> EXERCISE INSTRUCTIONS
Everything from the line with "Настенные часы Energy" to the end of the data below, both lines included, should be transcribed exactly; please omit the pictures.

> INPUT DATA
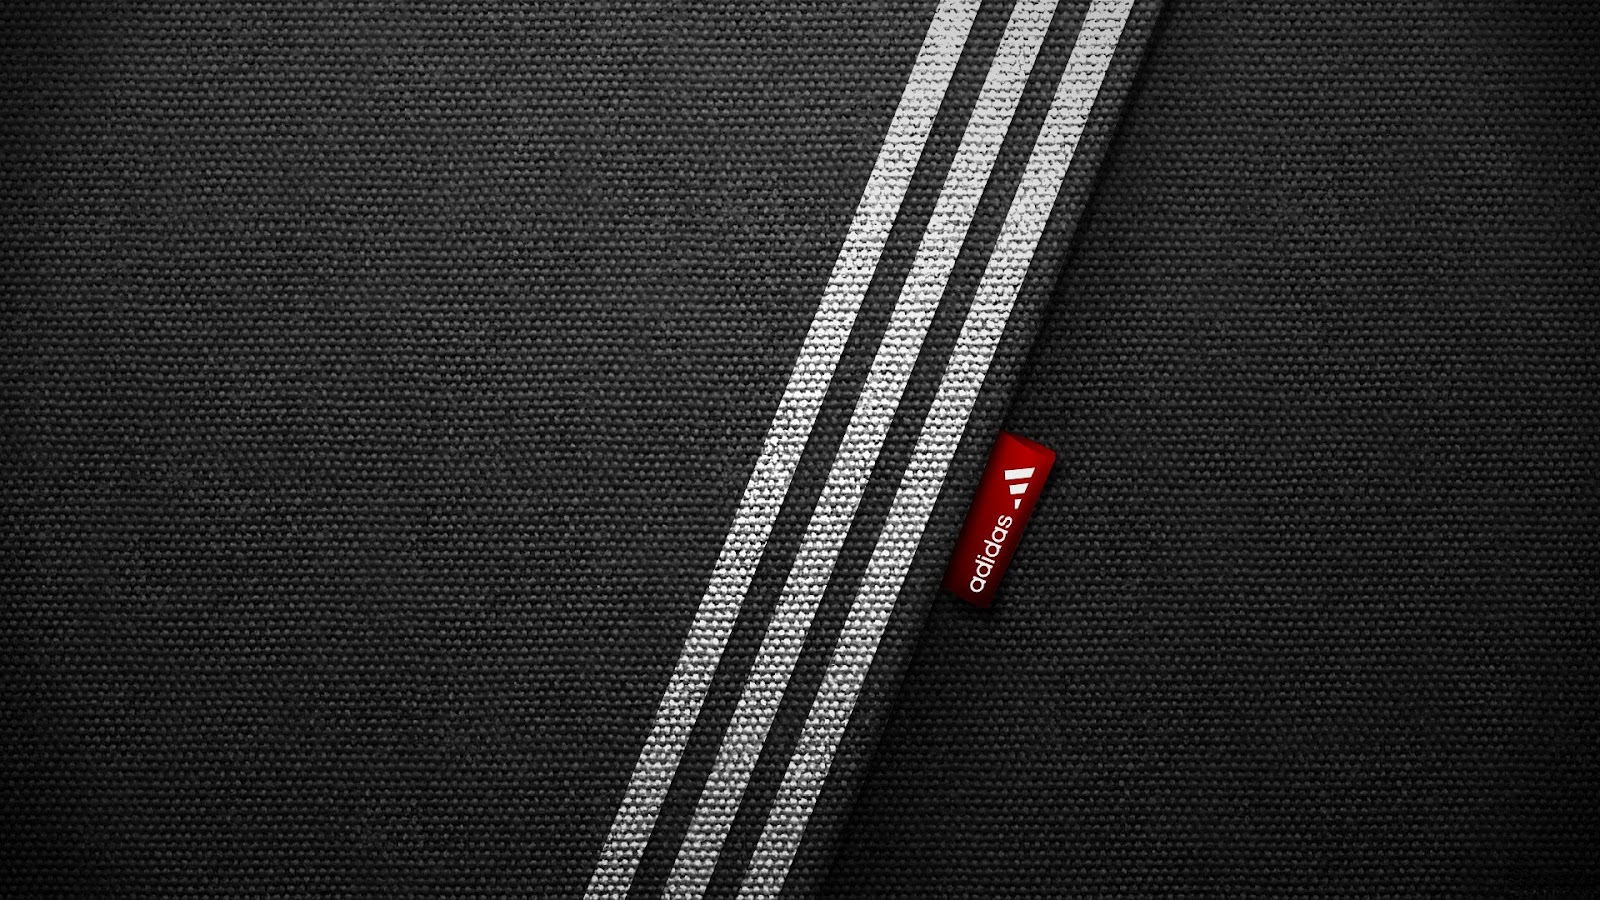 http://4.bp.blogspot.com/-TmM9NcNe5Fc/T50r0F9Mt8I/AAAAAAAABdo/l9khdPivvy4/s1600/Adidas_Label_Logo_HD_Wallpaper-Vvallpaper.Net.jpg
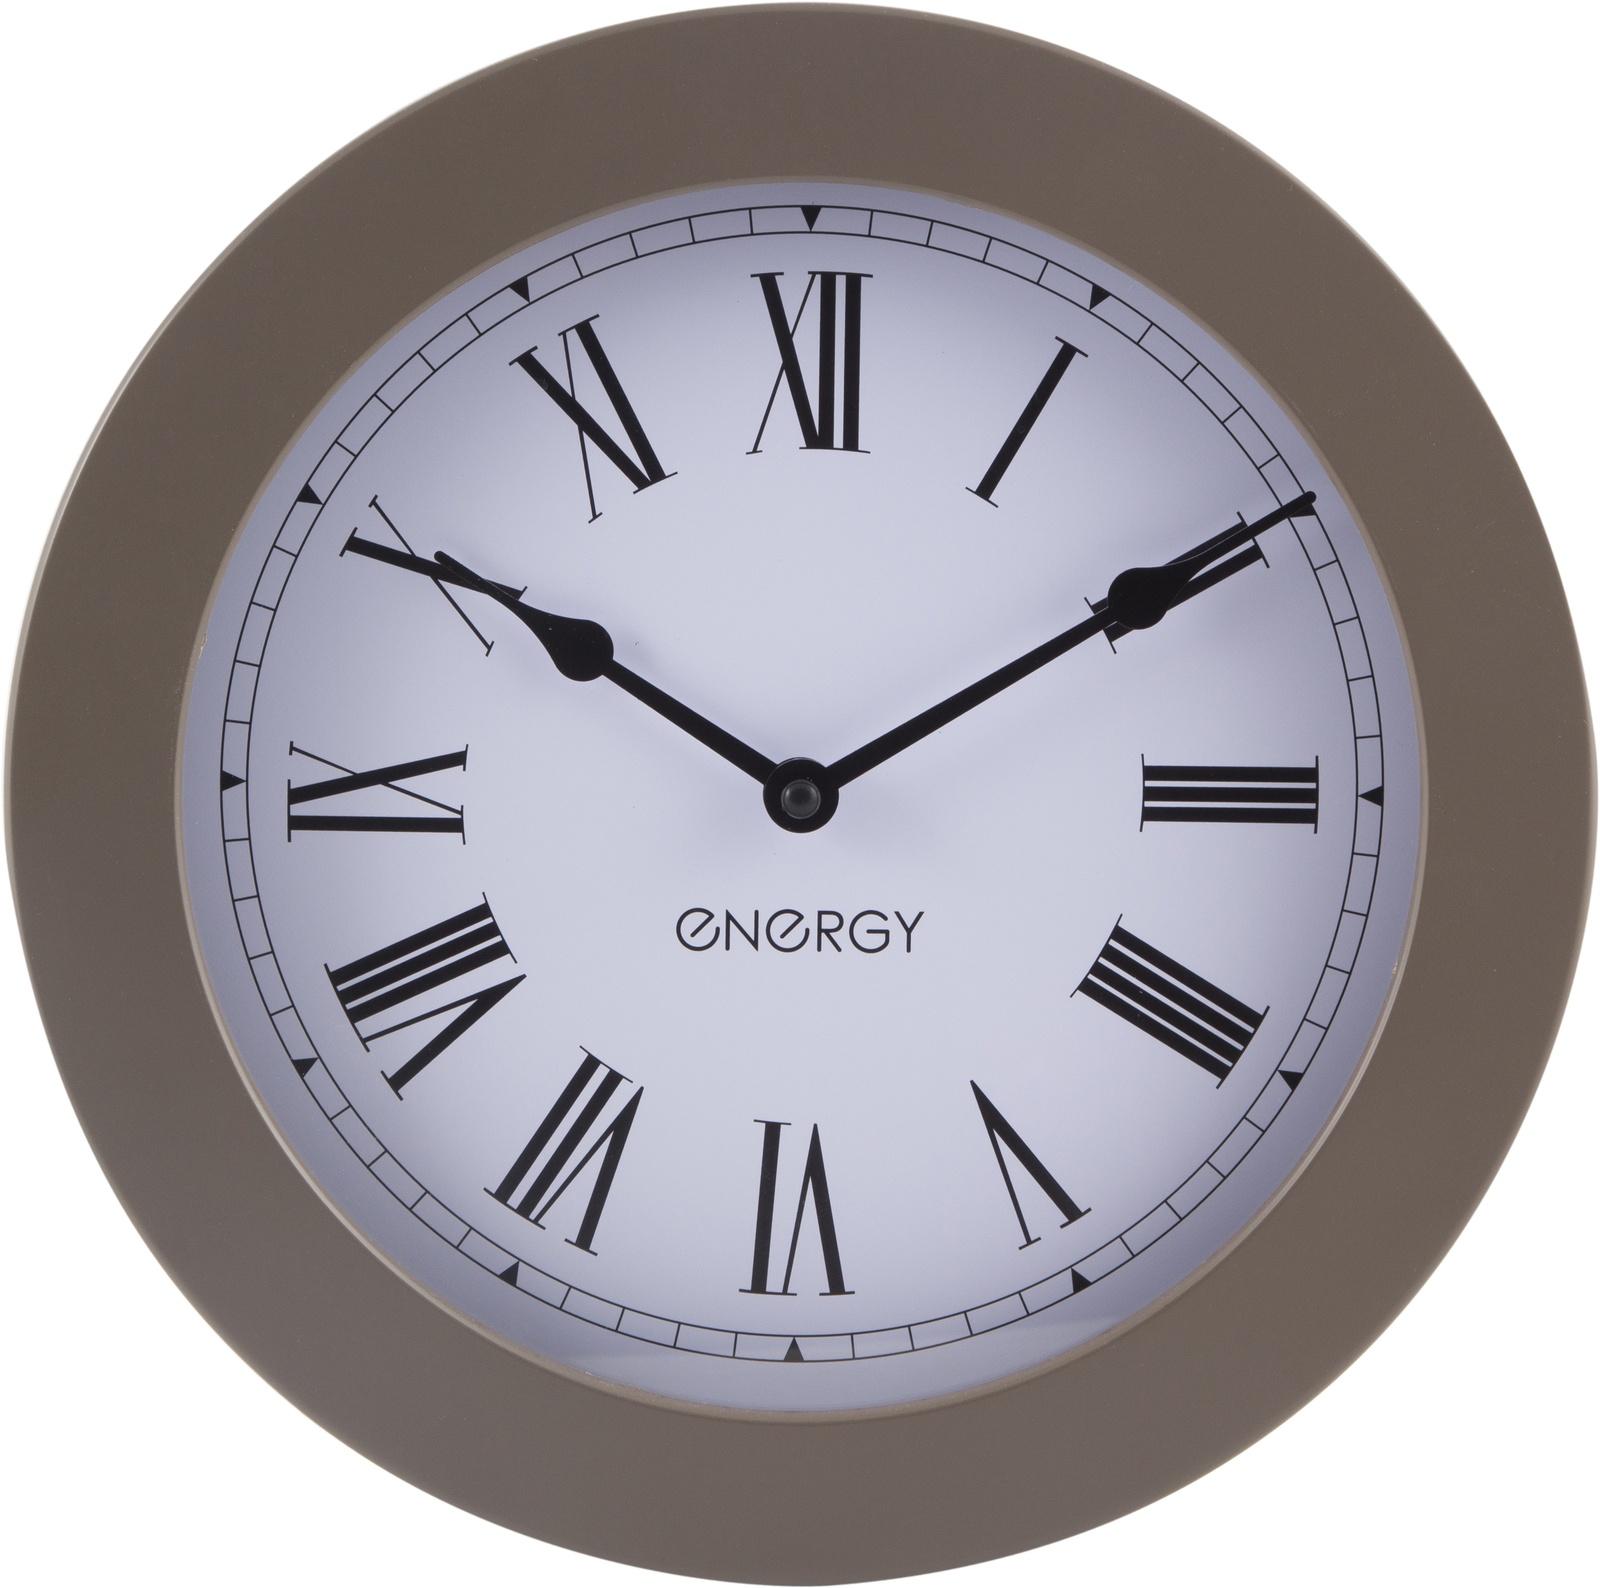 Настенные часы Energy ЕС-114, круглые, золото цена 2017
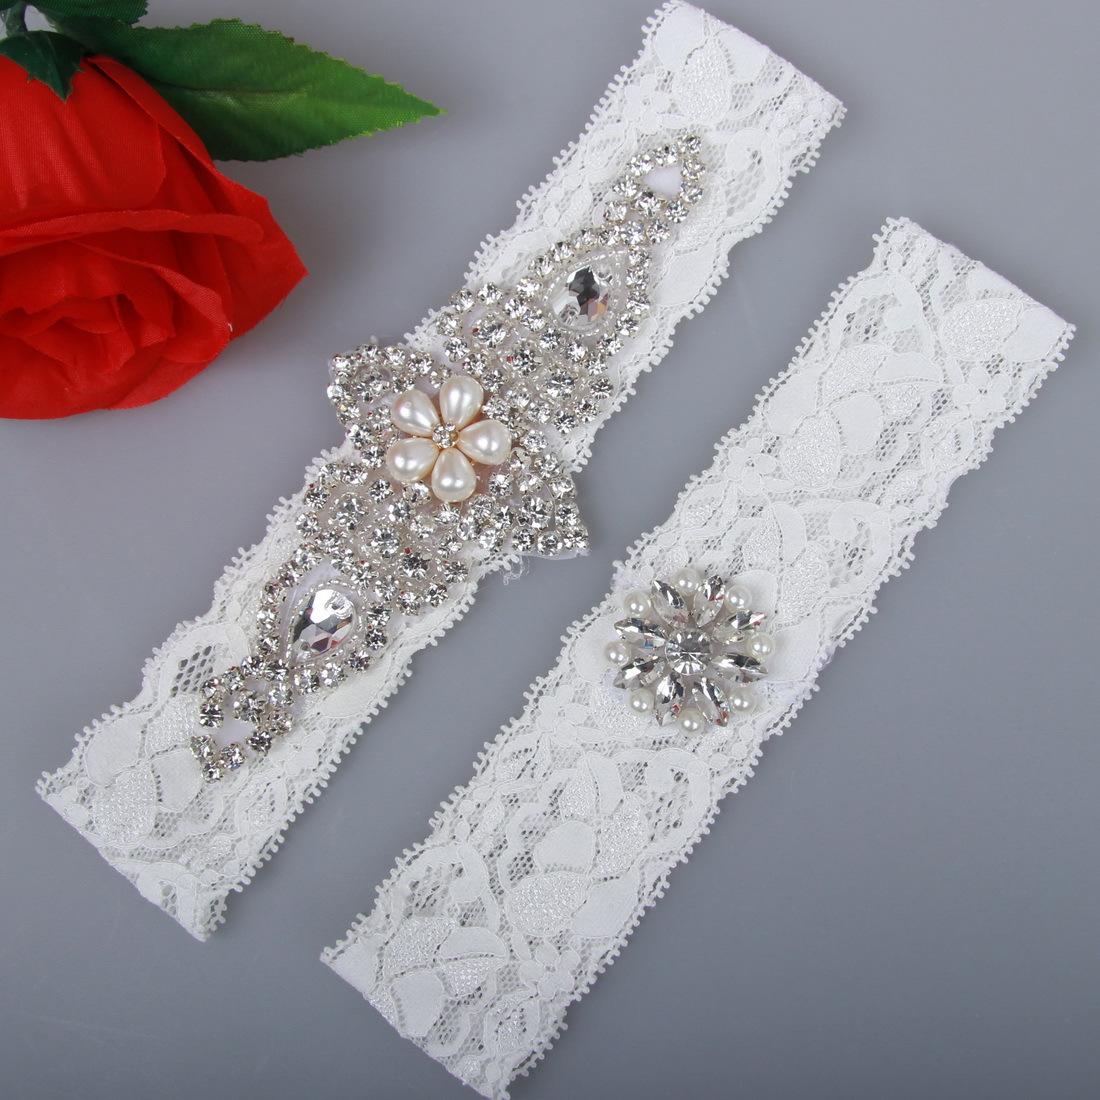 Sexy Bridal Garters Lace Rhinestones Pearls Vintage Handmade Wedding Garter Set New With Bridal Leg Garter Belt Beads Plus Size

> WRITTEN ANSWER
 Настенные часы Energy ЕС-114, круглые, золото цена 2017
 Sexy Bridal Garters Lace Rhinestones Pearls Vintage Handmade Wedding Garter Set New With Bridal Leg Garter Belt Beads Plus Size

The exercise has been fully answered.